15 глава. Дневники, книги и провожание

                Фотография авторская - из той далёкой жизни.
                "Сосна-великанша около медпункта"

             ДНЕВНИКИ И ВСТРЕЧИ

                По-настоящему мы любим лишь в первый раз; все
                последующие наши увлечения уже не так безоглядны.

                Жан де Лабрюйер         

    Сибирские ранние сумерки уже догорают над крышами деревушки со странно звучащим названием - Угуй. Если произнести протяжно - словно долгий волчий вой пронесётся: У-гу-у-уй! Дикие края...
 
  Посвистывает позёмка на озёрном покрывале, и совершенное впечатление, что это край Вселенной. Если бы не избы, разбросанные на высоком берегу.  А на противоположном сверкает огоньками татарский Юрт-Угуй. Далее - тайга да рямы-болота.
 
    По заснеженной улочке идёт невысокая девушка в пальто и вязаной круглой шапочке. В руке - толстый рыжий портфель, набитый тетрадками.

    Скрипнула калитка. Девушка взошла на крыльцо, смела голиком из прутьев с ботинок снег.  Вздохнув, толкнула дверь. Пришлось нагибаться, чтобы пройти через низенькие сенцы. И за следующей дверью - ох, наконец-то горница и пышущая теплом русская печь.
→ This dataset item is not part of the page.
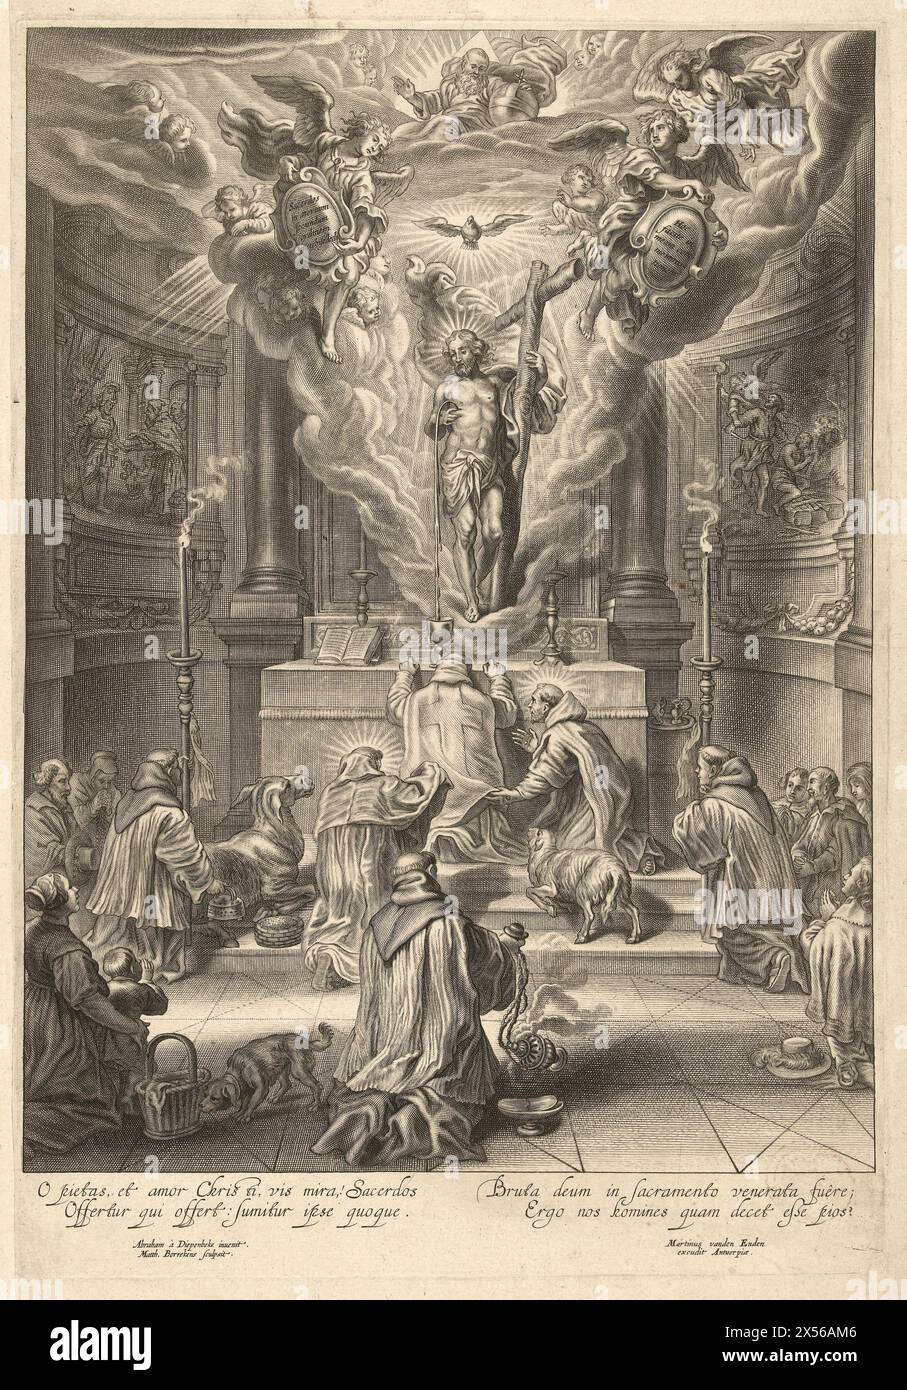 Messe de Saint Grégoire avec l'apparition du Christ, Mattheus Borrekens, d'après Abraham van Diepenbeeck, 1625 - 1670 Banque D'Images

Пол застелен полосатыми половиками. Самовар пофыркивает на столе.
  Хозяйка хлопочет у стола, ворчит:

- Опять поздно, Лин Сергевна! Исть давно пора, а ты шландаешься с оболтусами.


- Не шландаюсь, а занимаюсь, - улыбаясь, поправляет хозяйку девушка.

    Ботинки - под лавку. Пальто на крюк возле двери.

- Сёдни каша пашённая да с маслицем. Молоко аль чай будешь?

- Чай! - восклицает городская квартирантка.

   А после ужина, разомлев от тепла и сытости, ей так хочется броситься на кровать, но... нет! Дала слово - держись! Она садится за стол и открывает серую заветную тетрадь. 

     Из дневника Лины Сергеевны.

   12 ноября
   «Институт, город… Кажется, это было в иной, далёкой-далёкой жизни! Хоть месяц ещё осенний, сугробы уже. В снегах огороды, изгороди, деревья.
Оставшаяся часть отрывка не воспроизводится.